Task: Write out the listing from the line with "Approach for Thoracic" to the line with "HOUSE 1 at EPFL", both lines included, exactly and nothing beyond. Leave pictures out.

Extracted material:
━━━━━━━━━━━━━━━━
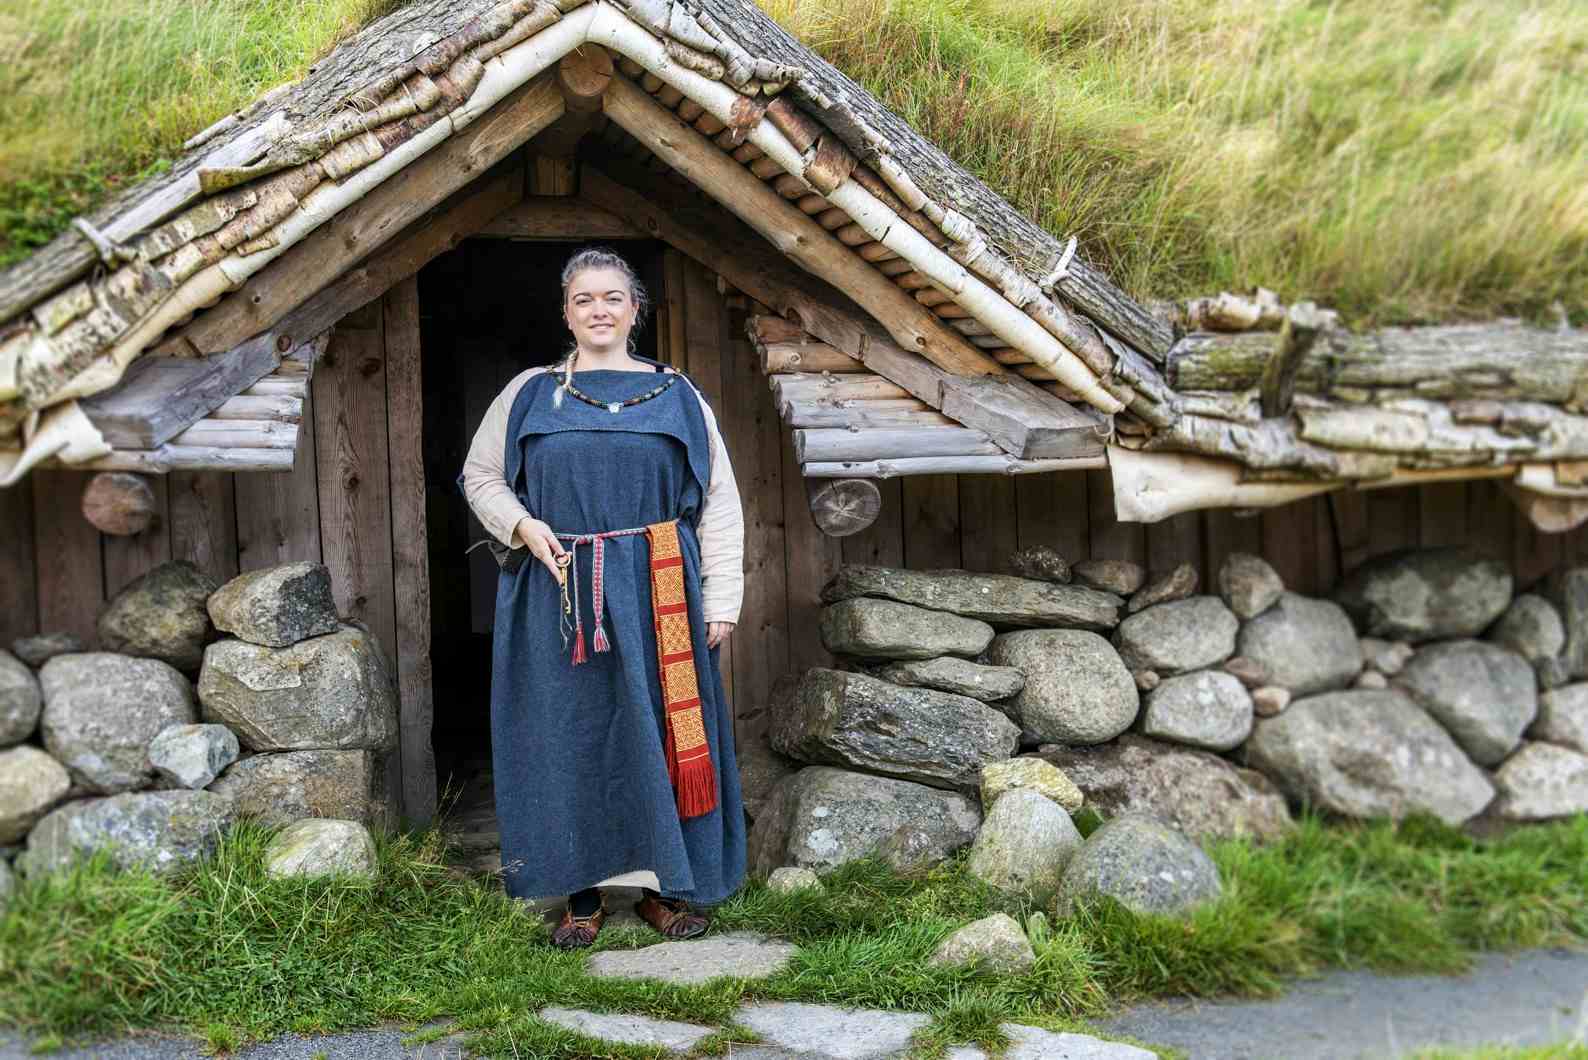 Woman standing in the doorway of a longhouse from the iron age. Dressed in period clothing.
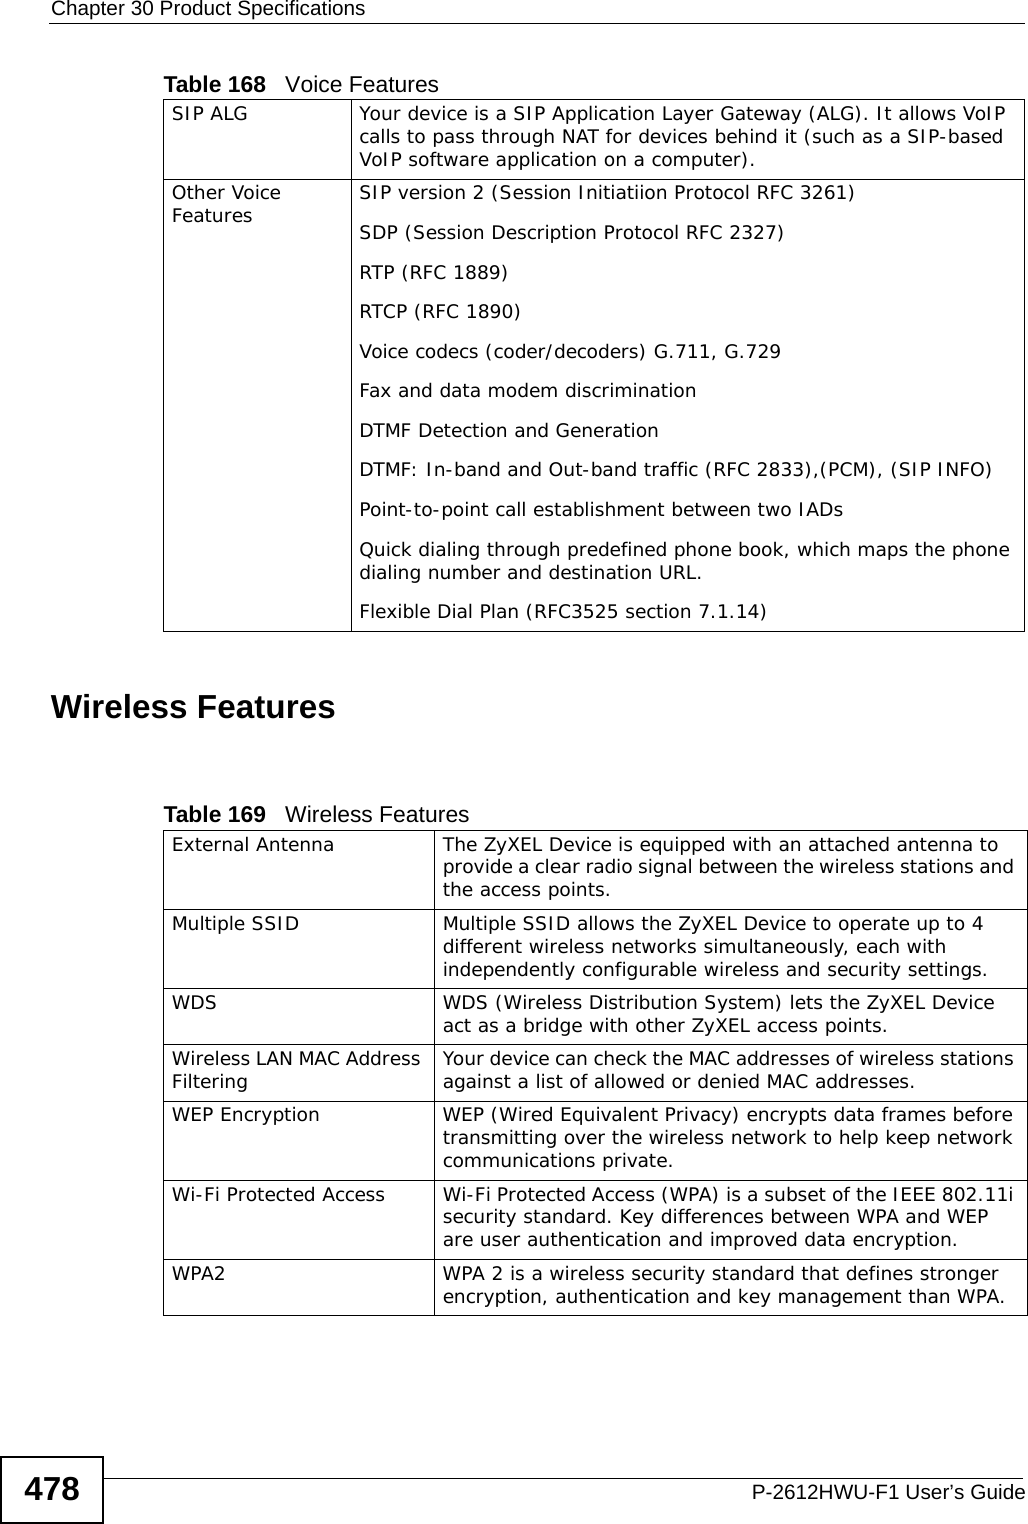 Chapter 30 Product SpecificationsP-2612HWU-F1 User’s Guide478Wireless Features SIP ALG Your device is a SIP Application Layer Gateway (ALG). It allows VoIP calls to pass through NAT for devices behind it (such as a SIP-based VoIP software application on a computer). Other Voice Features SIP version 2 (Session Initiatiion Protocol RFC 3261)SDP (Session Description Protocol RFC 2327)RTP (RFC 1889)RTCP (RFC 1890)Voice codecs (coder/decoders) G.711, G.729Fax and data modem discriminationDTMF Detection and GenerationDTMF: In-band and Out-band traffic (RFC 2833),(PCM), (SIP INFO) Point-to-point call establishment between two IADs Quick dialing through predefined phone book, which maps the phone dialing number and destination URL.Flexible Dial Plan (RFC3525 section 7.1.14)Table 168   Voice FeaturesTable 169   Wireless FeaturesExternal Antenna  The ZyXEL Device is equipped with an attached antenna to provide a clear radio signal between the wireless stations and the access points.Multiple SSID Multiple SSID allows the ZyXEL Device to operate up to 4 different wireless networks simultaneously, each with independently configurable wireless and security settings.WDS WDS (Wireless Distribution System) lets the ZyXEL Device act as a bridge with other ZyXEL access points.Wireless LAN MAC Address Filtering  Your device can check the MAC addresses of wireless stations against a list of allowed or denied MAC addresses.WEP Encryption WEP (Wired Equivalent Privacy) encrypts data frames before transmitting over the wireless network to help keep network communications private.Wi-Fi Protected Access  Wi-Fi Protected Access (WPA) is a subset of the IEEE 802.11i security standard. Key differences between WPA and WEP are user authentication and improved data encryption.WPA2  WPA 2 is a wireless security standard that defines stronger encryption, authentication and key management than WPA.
━━━━━━━━━━━━━━━━
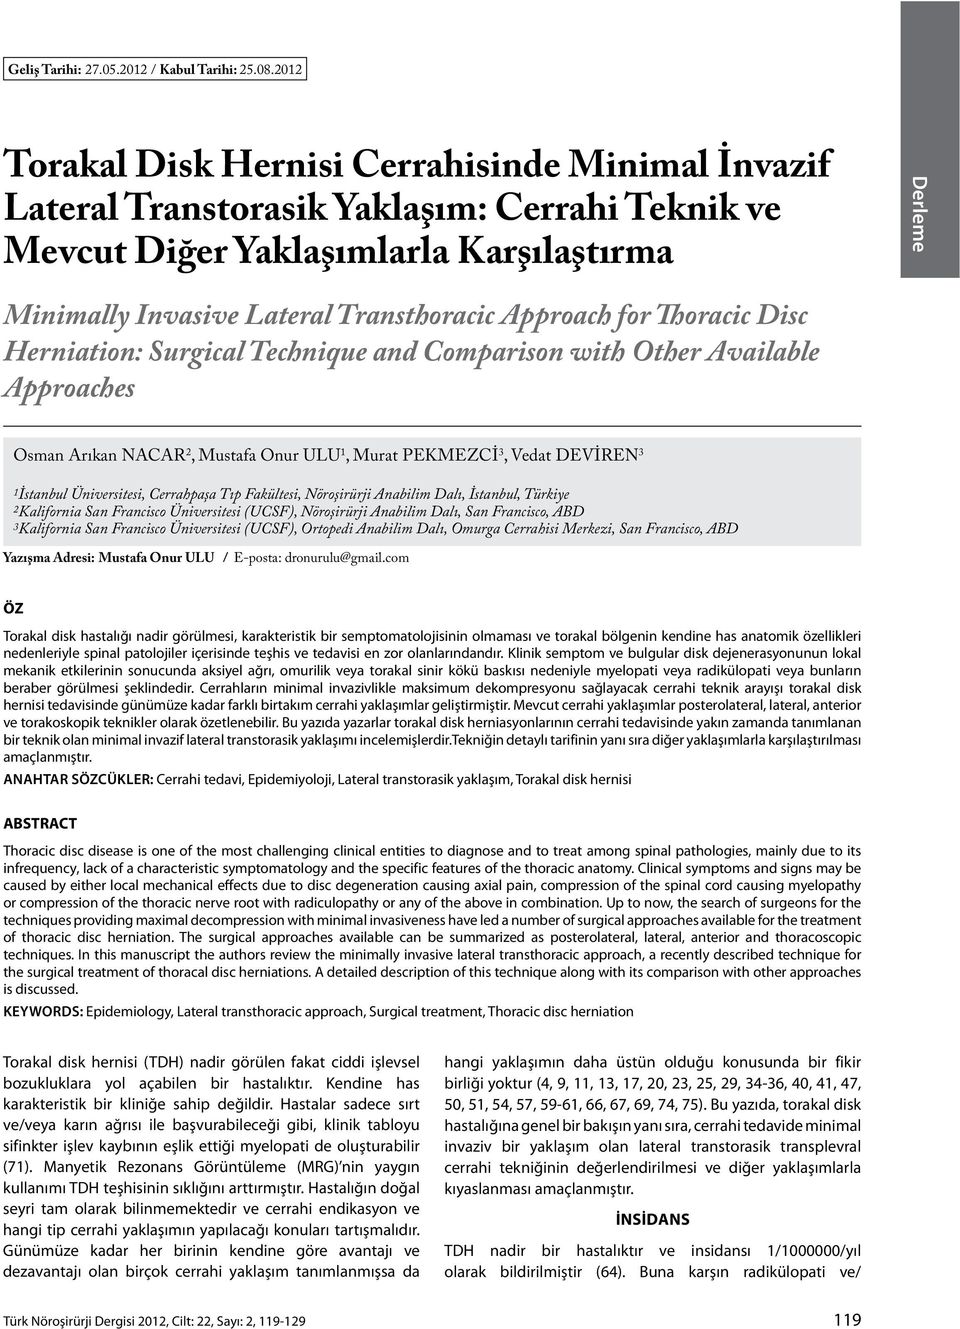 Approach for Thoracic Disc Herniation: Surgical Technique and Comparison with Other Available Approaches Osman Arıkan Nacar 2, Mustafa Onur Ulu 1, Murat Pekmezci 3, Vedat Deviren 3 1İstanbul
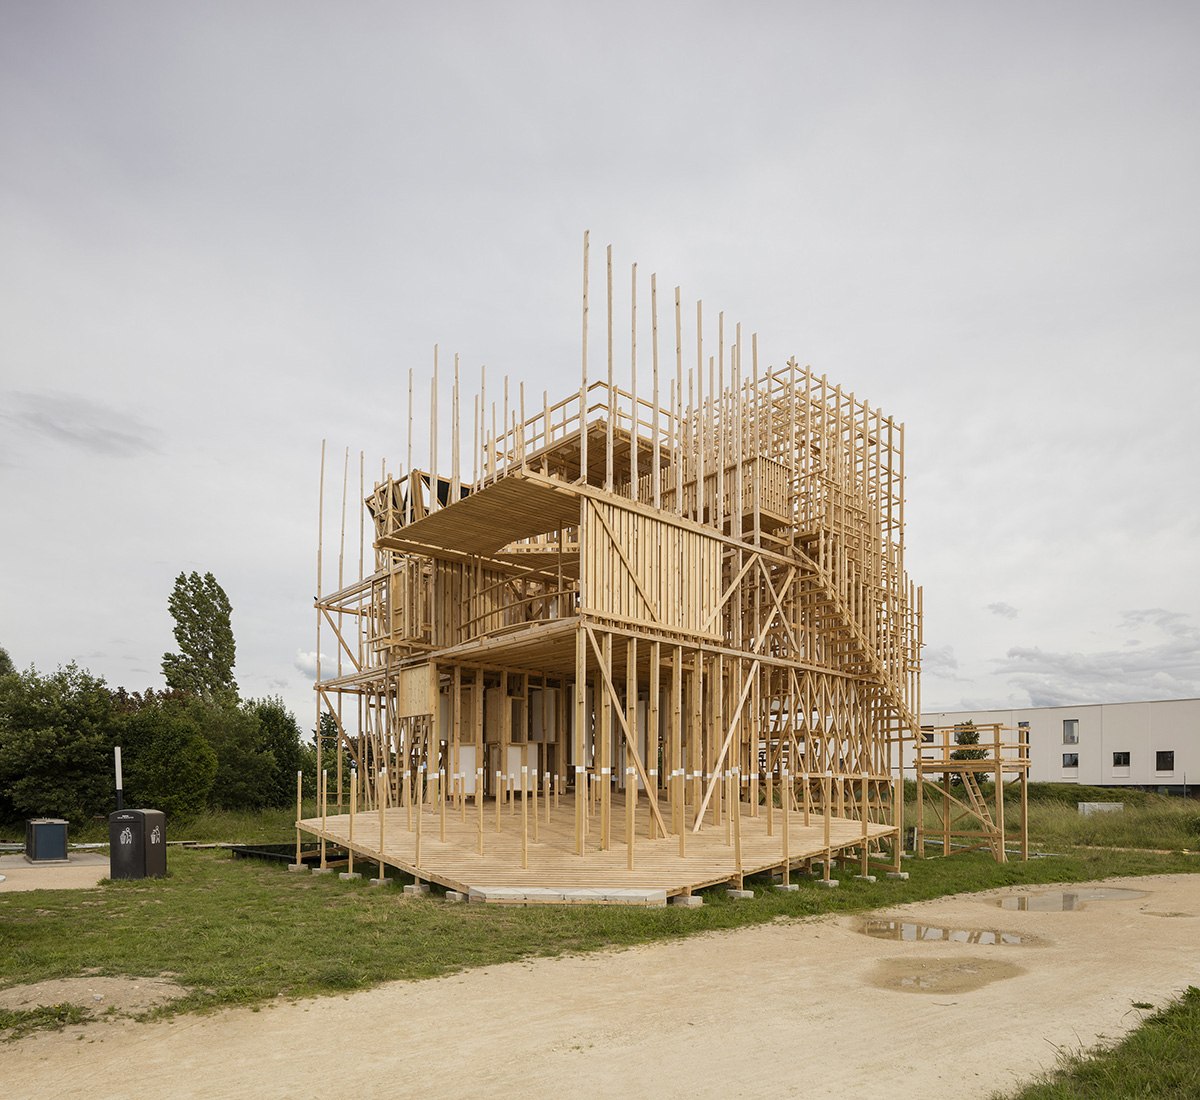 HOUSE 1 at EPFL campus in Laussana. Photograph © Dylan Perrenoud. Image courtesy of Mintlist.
━━━━━━━━━━━━━━━━
Solved exercise:
 Approach for Thoracic Disc Herniation: Surgical Technique and Comparison with Other Available Approaches Osman Arıkan Nacar 2, Mustafa Onur Ulu 1, Murat Pekmezci 3, Vedat Deviren 3 1İstanbul
 HOUSE 1 at EPFL campus in Laussana. Photograph © Dylan Perrenoud. Image courtesy of Mintlist.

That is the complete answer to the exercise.